United States - California - Santa Monica, United States - California - Foster CityResearchRegular

Arbeitsbeschreibung

Summary

The Senior Scientist will design and execute multi-omics biomarker analyses pertinent to multiple myeloma and other heme-oncology indications.

As a member of the Translational Medicine team, you will be at the intersection of Research and Clinical Development, providing valuable insight into the function and safety of CAR-T cells, the investigation of mechanisms of action, response, relapse and toxicity and the development of potential prognostic and predictive tools, supporting pipeline advancement and informing design of next generation therapeutics and clinical development of Kite’s chimeric antigen receptor (CAR-T) programs.

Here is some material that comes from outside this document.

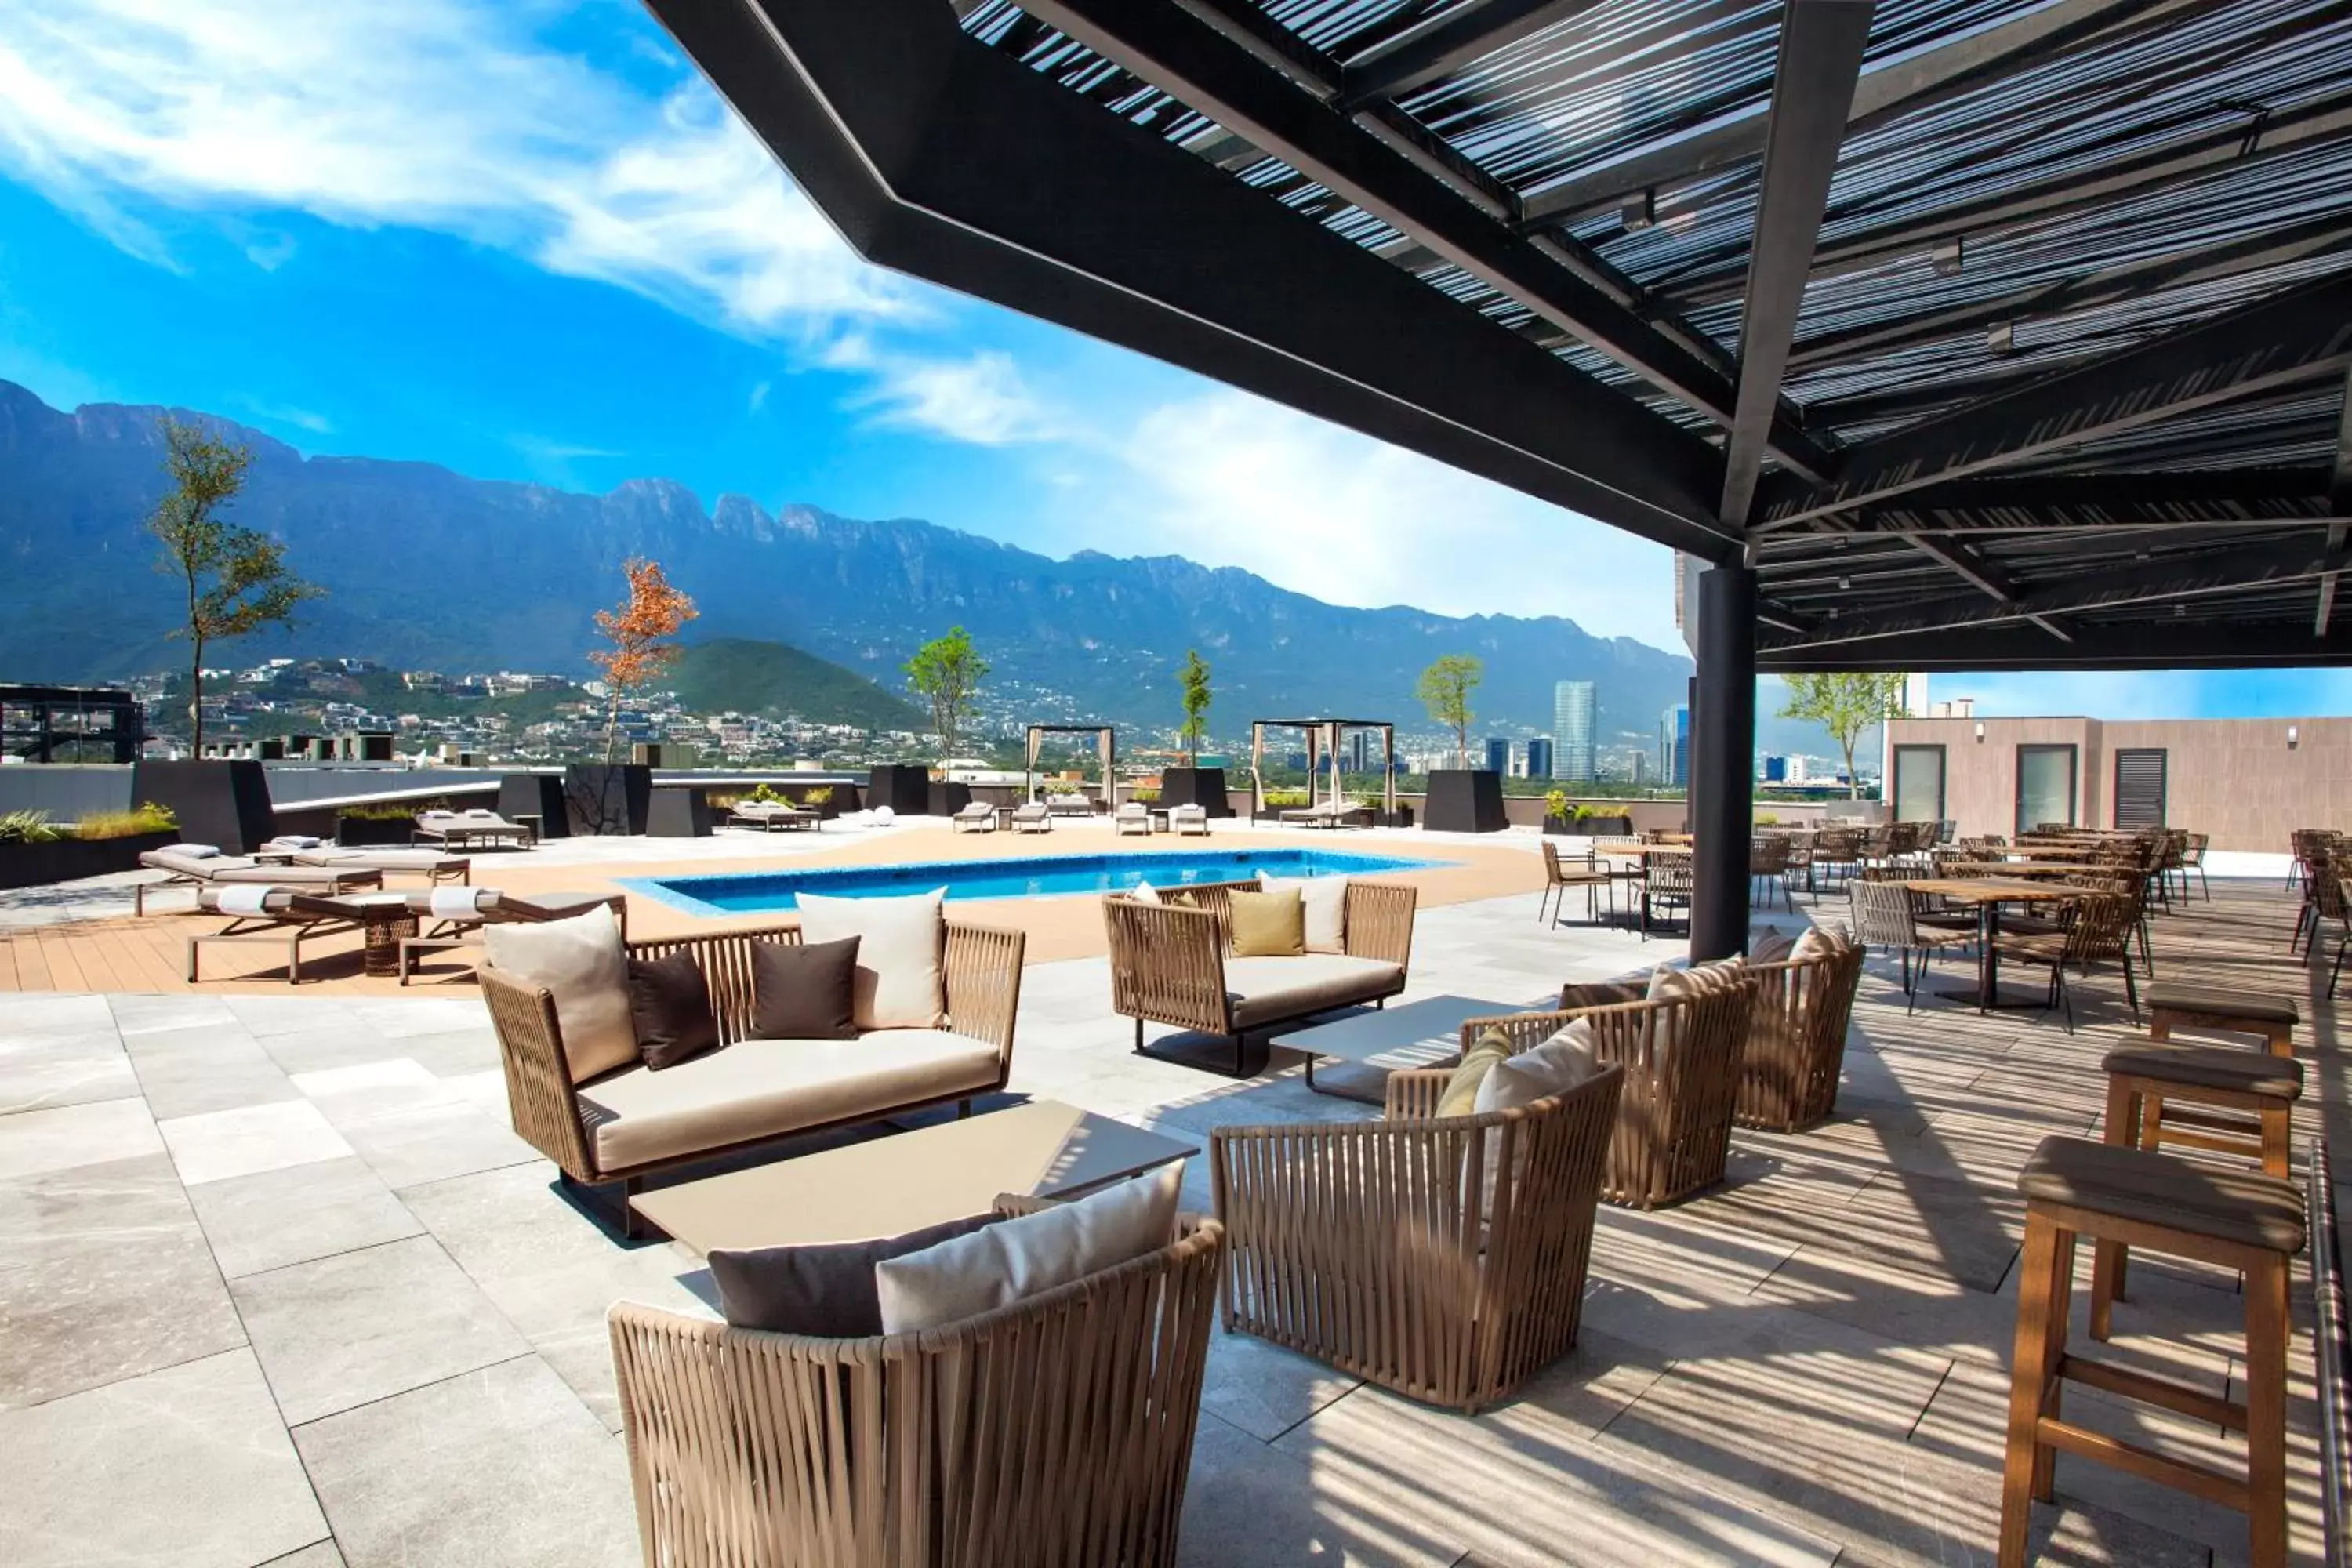 Balcony/Terrace, Swimming Pool in Camino Real Fashion Drive Monterrey

Essential requirements are a solid understanding of cancer biology and immune therapy, a strong understanding and expertise with multi-omics analytical methods (eg scRNA-seq, Proteomics, Metabolomics, flow cytometry, Spatial transcriptomics) and downstream computational data processing, data interpretation and reporting, demonstrated by education, previous professional experience and authorship in high-impact scientific communications/publications. Familiarity with cloud computing platforms such as AWS and/or high-performance computing (HPC) environments is preferred.

Key Responsibilities:

  • Collaborates with analytical teams within translational medicine and cross-functionally for planning and execution of correlative studies around disease biology, drug mechanisms of action and mechanisms of response, relapse, and toxicity.
  • Oversees, directs, and establishes the computational analytical workflows.
  • Writes, reviews, leads and/or contributes to research reports, and all project-related documents, as needed.
  • Contributes and leads internal and external scientific presentation, discussions/collaborations, and publications, and engages with key internal stakeholders.
  • Leverages cloud based or HPC infrastructure for scalable processing of large-scale multi-omics datasets.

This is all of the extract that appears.